DATA EXTRACT
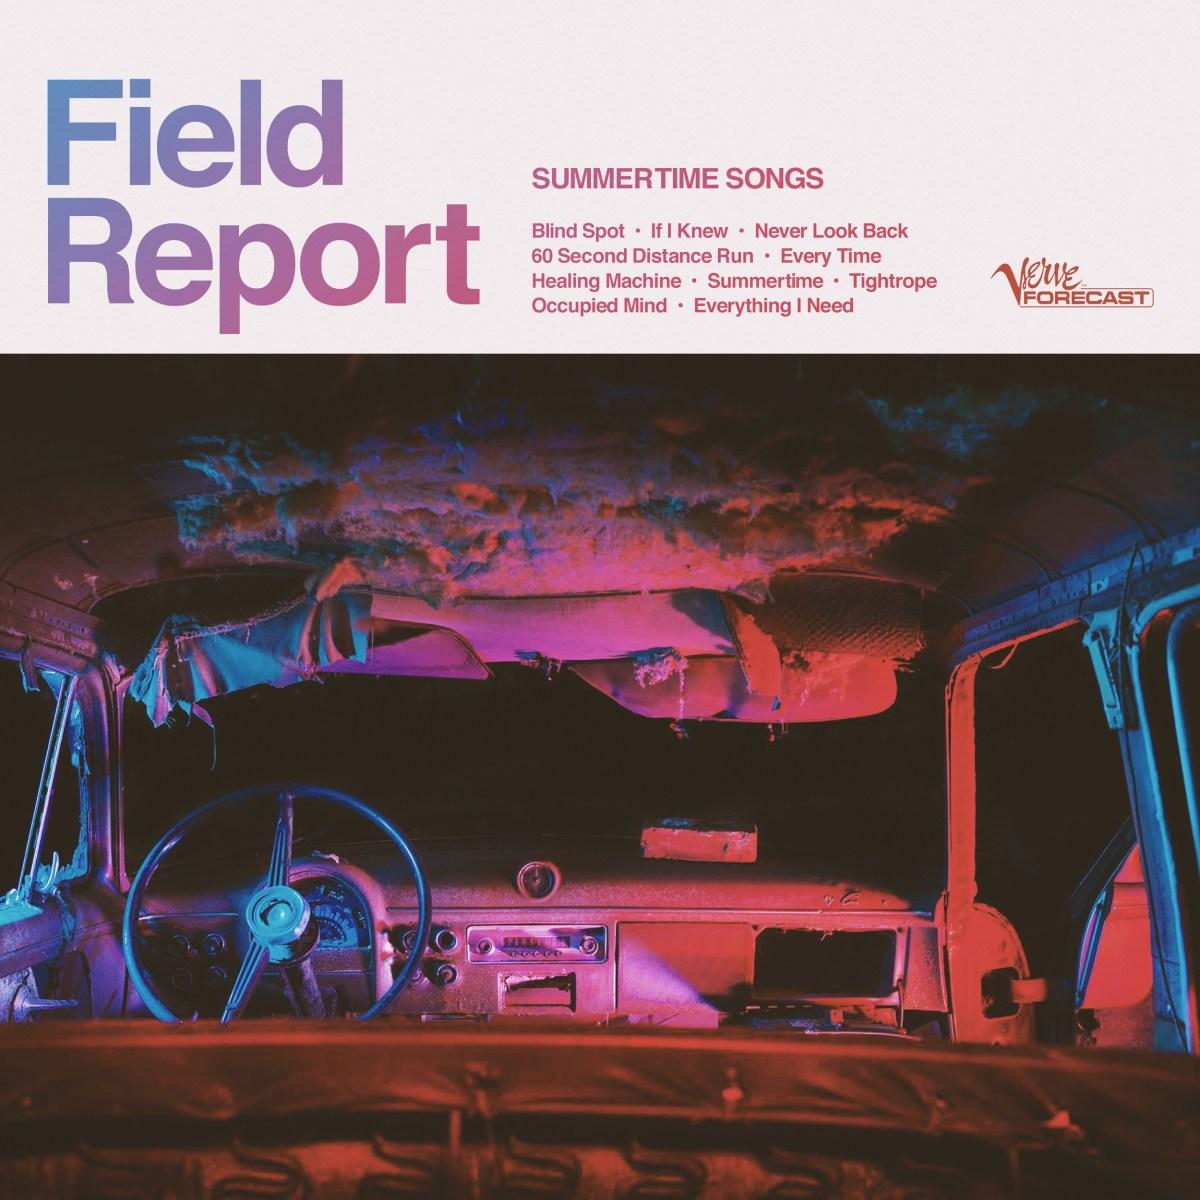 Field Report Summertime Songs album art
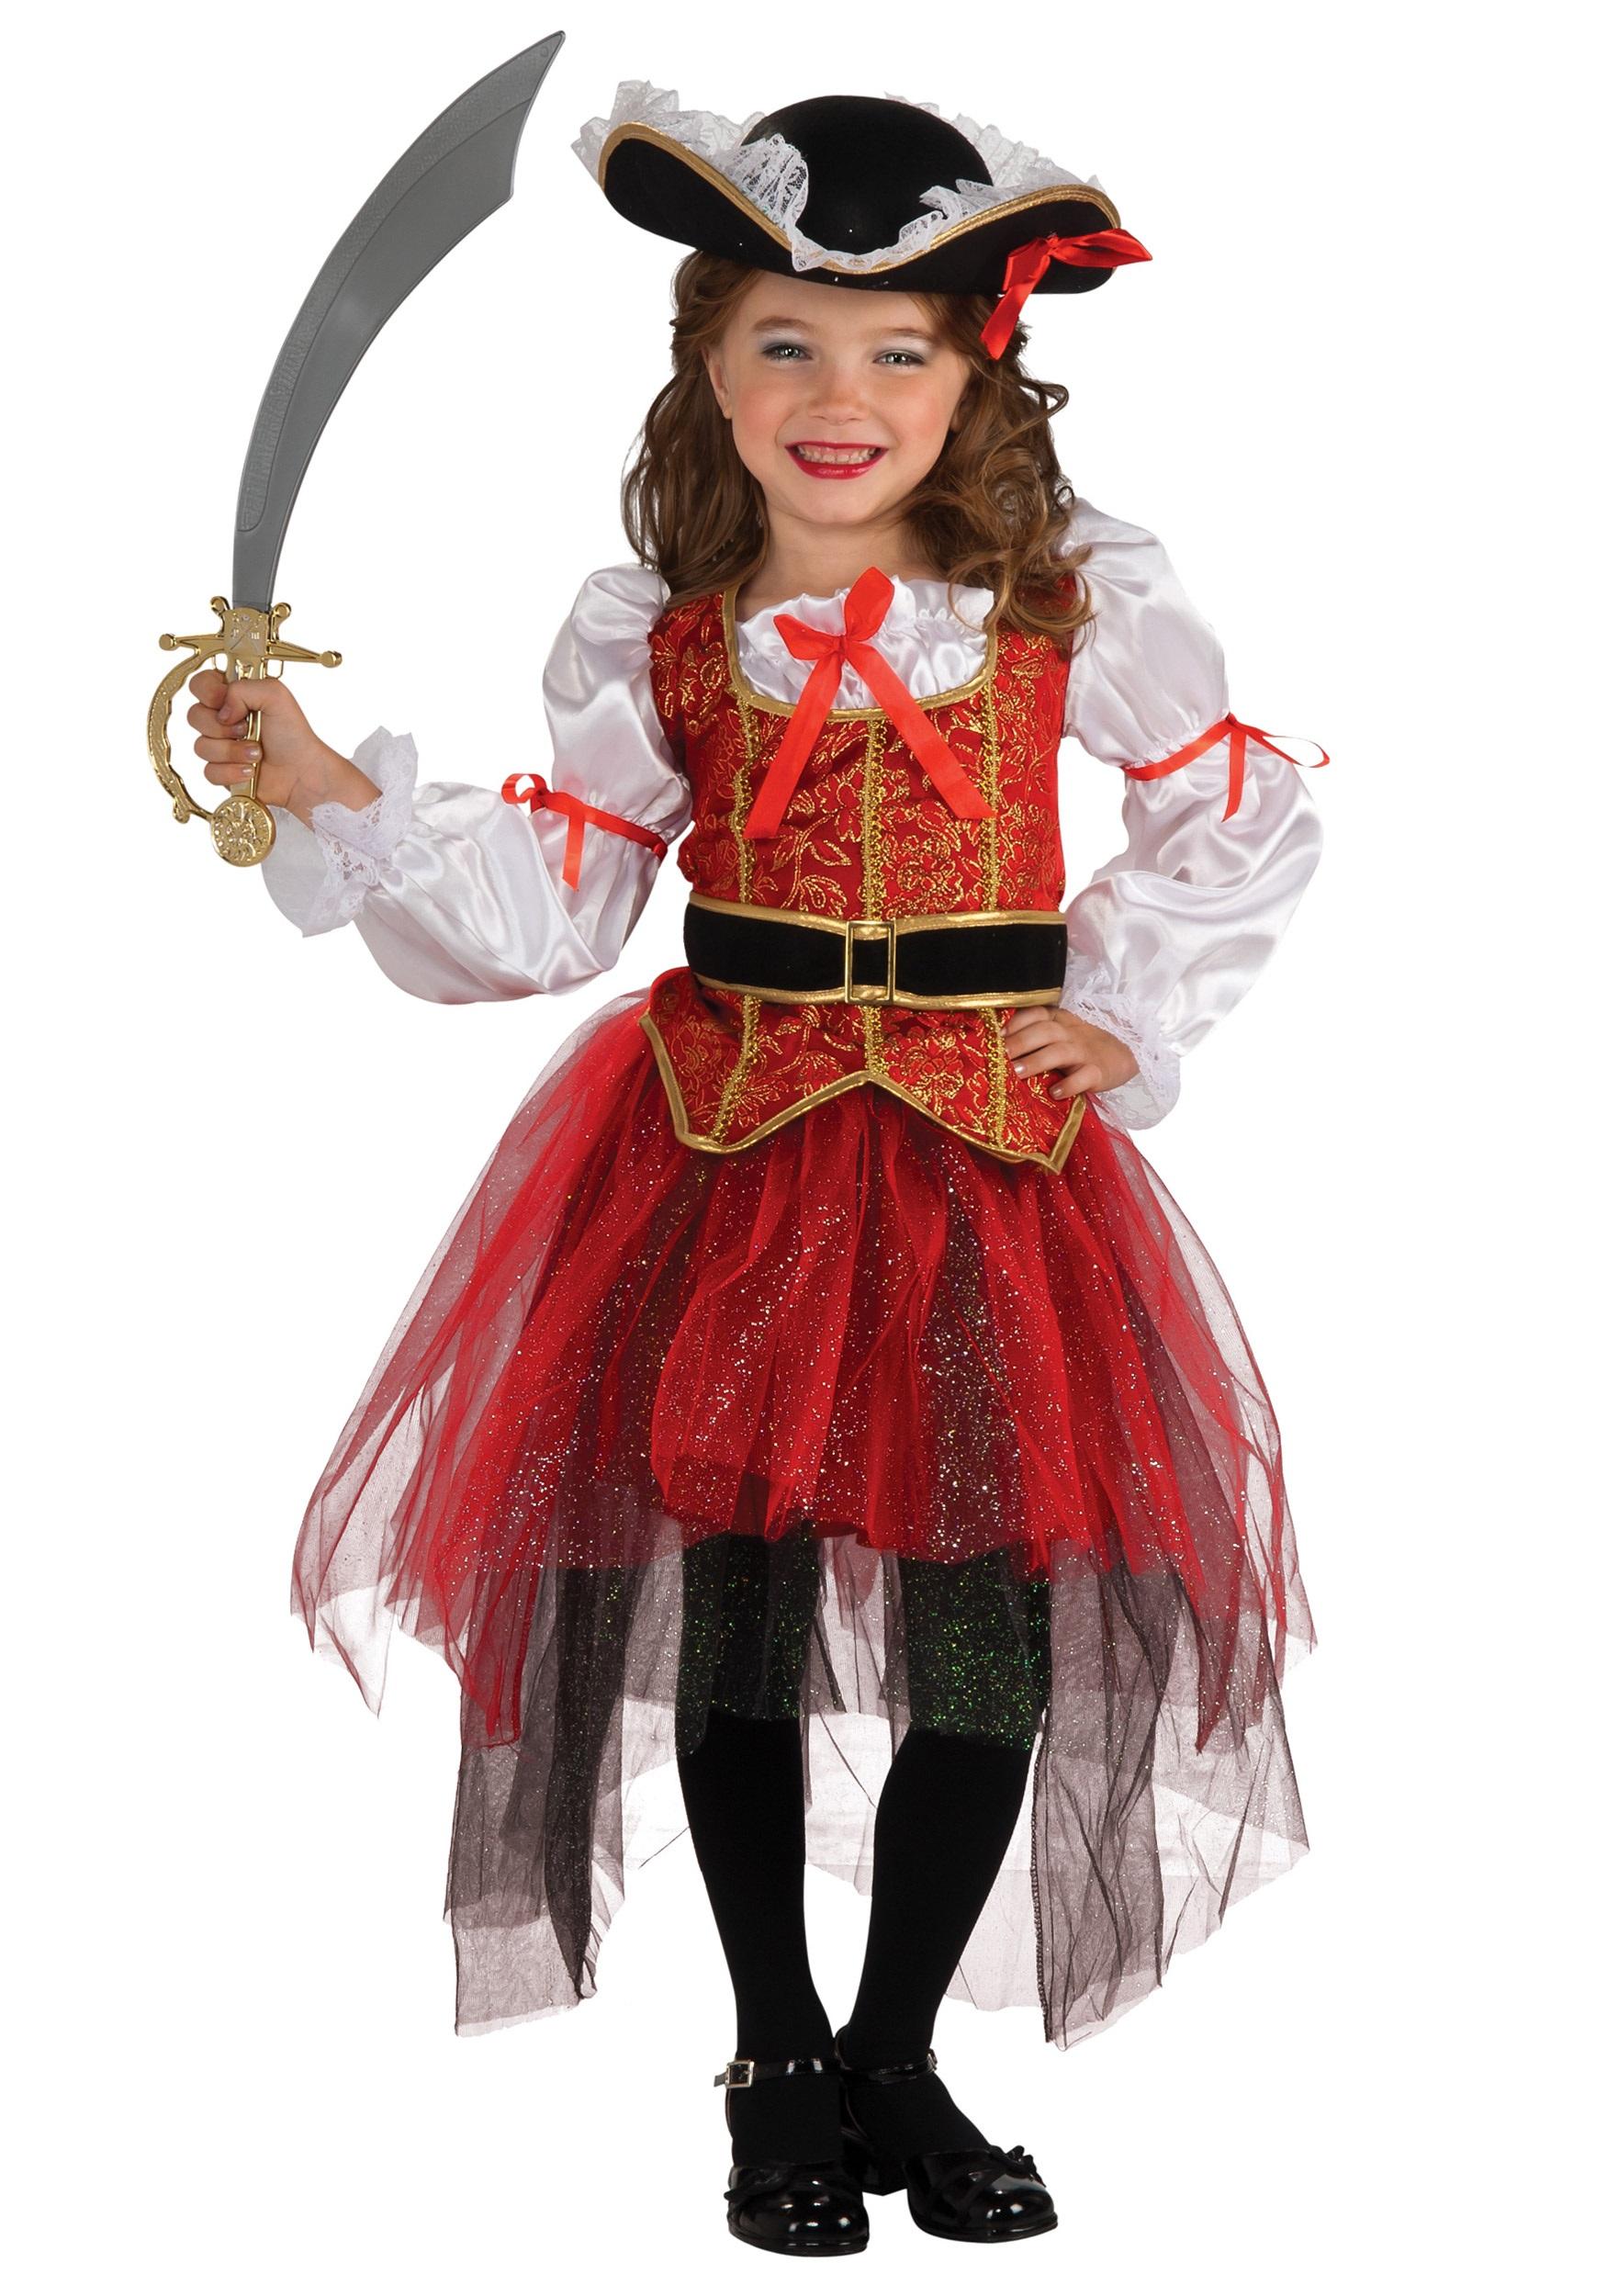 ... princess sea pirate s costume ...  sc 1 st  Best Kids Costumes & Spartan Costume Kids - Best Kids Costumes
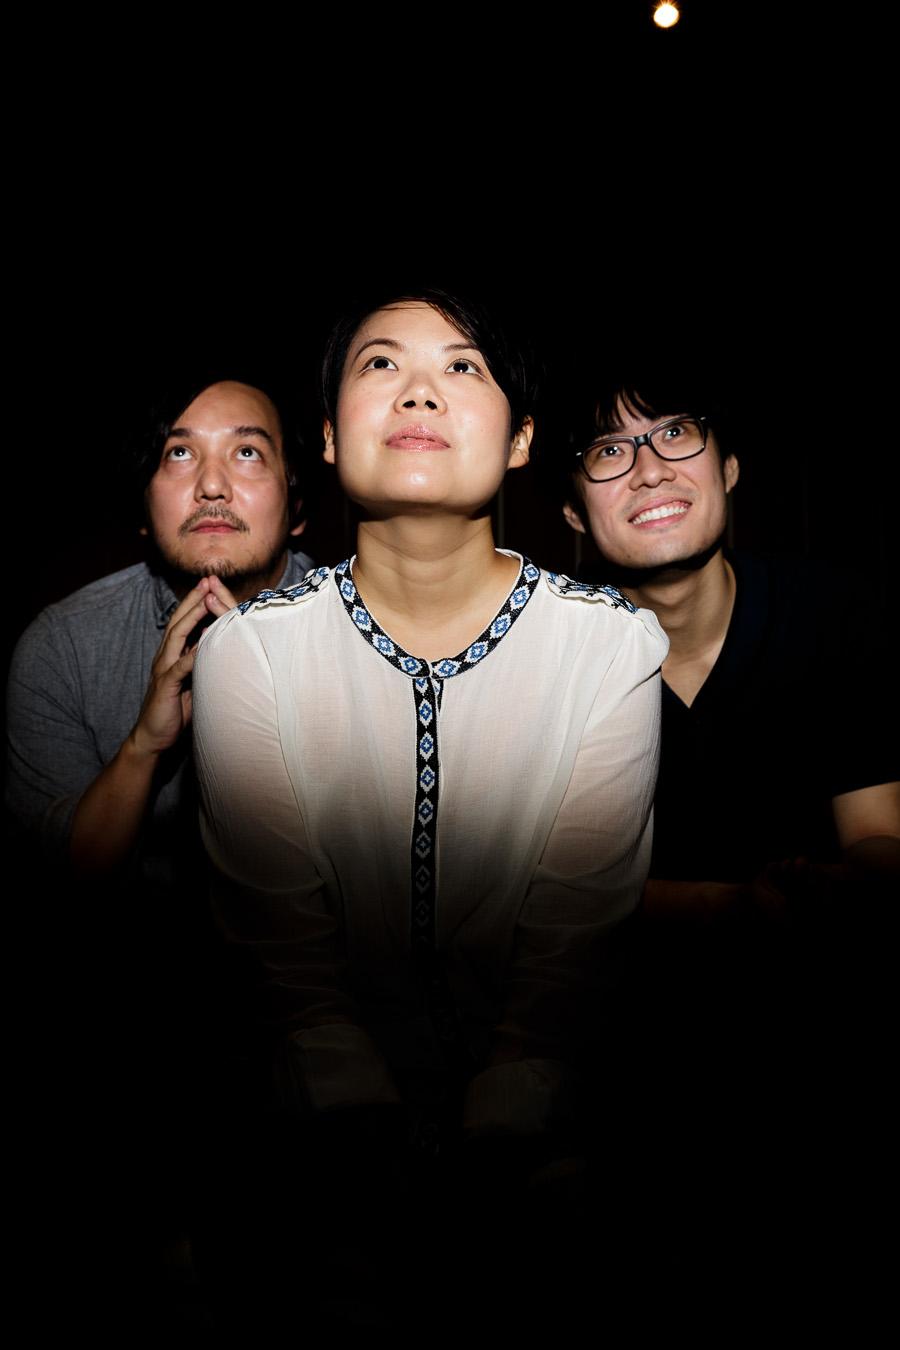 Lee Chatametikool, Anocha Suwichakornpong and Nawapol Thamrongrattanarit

ASSIGNMENT
Reprint the whole listing above exactly, taking out the pictures.

YOUR RESPONSE
 Field Report Summertime Songs album art
 ... princess sea pirate s costume ...  sc 1 st  Best Kids Costumes & Spartan Costume Kids - Best Kids Costumes
 Lee Chatametikool, Anocha Suwichakornpong and Nawapol Thamrongrattanarit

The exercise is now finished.